-
Notifications
You must be signed in to change notification settings - Fork 0
feat: vitest assertions #926
Description
Status: P3 — Research complete, defer implementation
Research into Vitest assertion patterns for AI eval is complete. Conclusion: AgentV's existing SDK already surpasses what Vitest matchers would offer. A Vitest bridge is a CI/DX convenience, not a capability gap.

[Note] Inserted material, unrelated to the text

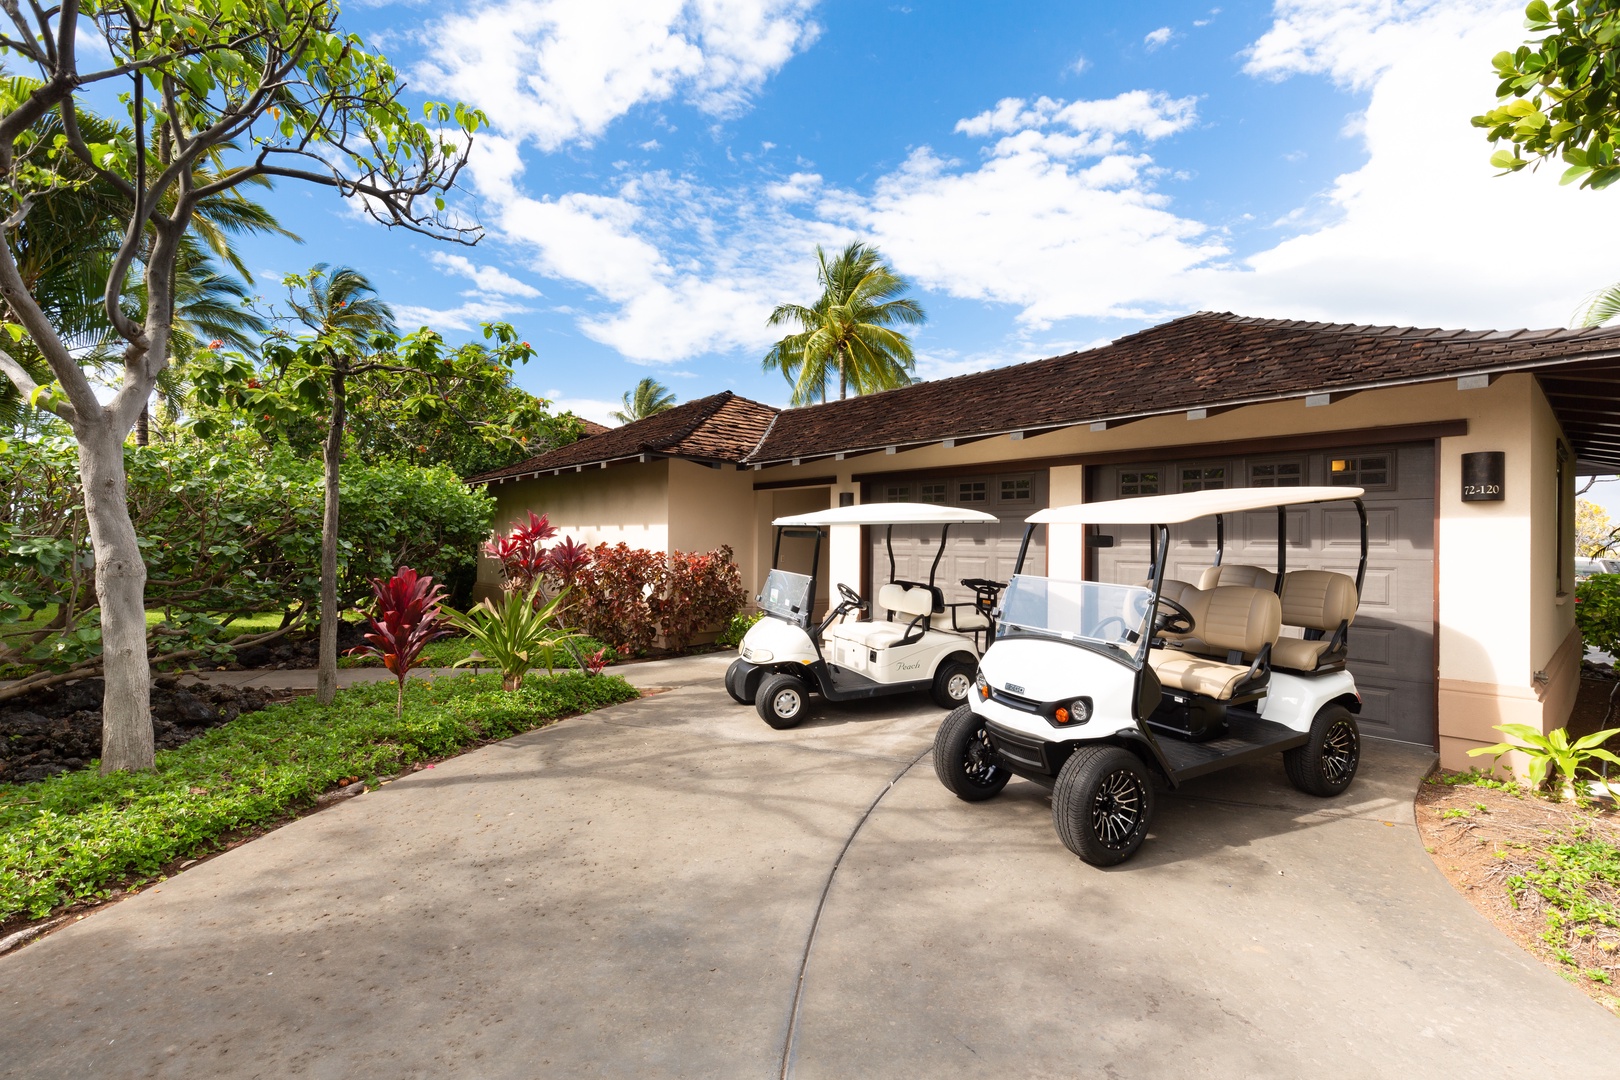 Kailua-Kona Vacation Rentals, 3BD Hali'ipua Villa (120) at Four Seasons Resort at Hualalai - This rental is equipped with TWO golf carts!

Why AgentV Doesn't Need This Yet
AgentV already has two grading layers that cover the same ground:
@agentv/core — In-process TypeScript SDK
await evaluate({
tests: [{
id: 'test-1',
input: 'Capital of France?',
assert: [
{ type: 'contains', value: 'Paris' }, // 22+ built-in types
{ type: 'llm-grader', prompt: './rubric.md' }, // LLM-as-judge
({ output }) => ({ name: 'len', score: output.length > 10 ? 1 : 0 }), // inline fn
],
}],
task: async (input) => callMyAgent(input),
});@agentv/eval — Subprocess graders (stdin/stdout)
// .agentv/assertions/sentiment.ts — auto-discovered by filename
import { defineAssertion } from '@agentv/eval';
export default defineAssertion(({ output }) => ({
pass: true,
score: 0.85,
assertions: [{ text: 'Professional tone', passed: true }],
}));Advantages over Vitest expect.extend() matchers
- Continuous scoring (0-1) — Vitest matchers return binary
pass: boolean - Multi-assertion results per evaluator —
assertions[]array with per-criterion verdicts - Subprocess isolation —
defineCodeGrader/defineAssertionrun in separate processes - Auto-discovery — drop
.tsin.agentv/assertions/→ type name from filename - YAML-first — AI agents can read/write EVAL.yaml without TypeScript
- Composite evaluators — weighted average, threshold, code/LLM aggregation built-in
What a Vitest Bridge Would Look Like (If Implemented)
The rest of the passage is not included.